[ClusterLabs] Fwd: Postgres pacemaker cluster failure

Wed Jul 10 05:42:20 EDT 2019

On Tue, 9 Jul 2019 19:57:06 +0300
Andrei Borzenkov <arvidjaar at gmail.com> wrote:

> 09.07.2019 13:08, Danka Ivanović пишет:
> > Hi I didn't manage to start master with postgres, even if I increased start
> > timeout. I checked executable paths and start options.

We would require much more logs from this failure...

> > When cluster is running with manually started master and slave started over
> > pacemaker, everything works ok.

Logs from this scenario might be interesting as well to check and compare.

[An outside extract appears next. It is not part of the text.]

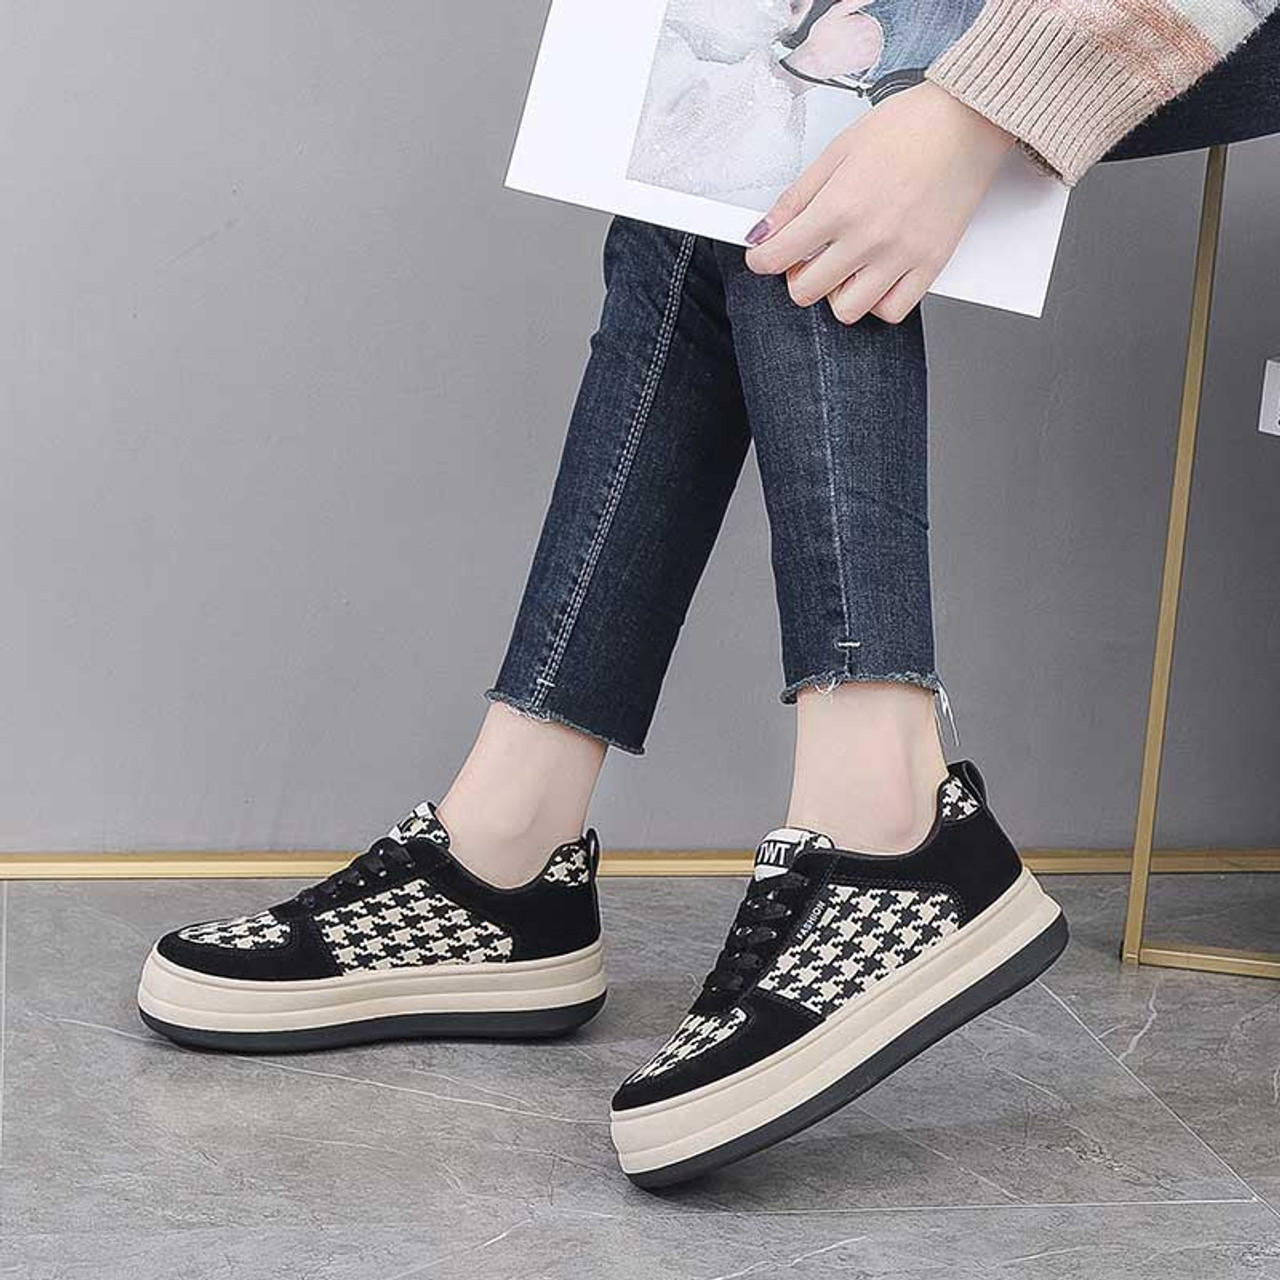 Black chidori pattern lace up shoe sneaker | Womens sneakers shoes ...

> > Today we had failover again.
> > I cannot find reason from the logs, can you help me with debugging? Thanks.

logs logs logs please.

> > Jul 09 09:16:32 [2679] postgres1       lrmd:    debug:
> > child_kill_helper:	Kill pid 12735's group Jul 09 09:16:34 [2679]
> > postgres1       lrmd:  warning: child_timeout_callback:
> > PGSQL_monitor_15000 process (PID 12735) timed out  
> 
> You probably want to enable debug output in resource agent. As far as I
> can tell, this requires HA_debug=1 in environment of resource agent, but
> for the life of me I cannot find where it is possible to set it.
> 
> Probably setting it directly in resource agent for debugging is the most
> simple way.

I usually set this in "/etc/sysconfig/pacemaker". Never tried to add it
to pgsqlms, interesting.

> P.S. crm_resource is called by resource agent (pgsqlms). And it shows
> result of original resource probing which makes it confusing. At least
> it explains where these logs entries come from.

Not sure tu understand what you mean :/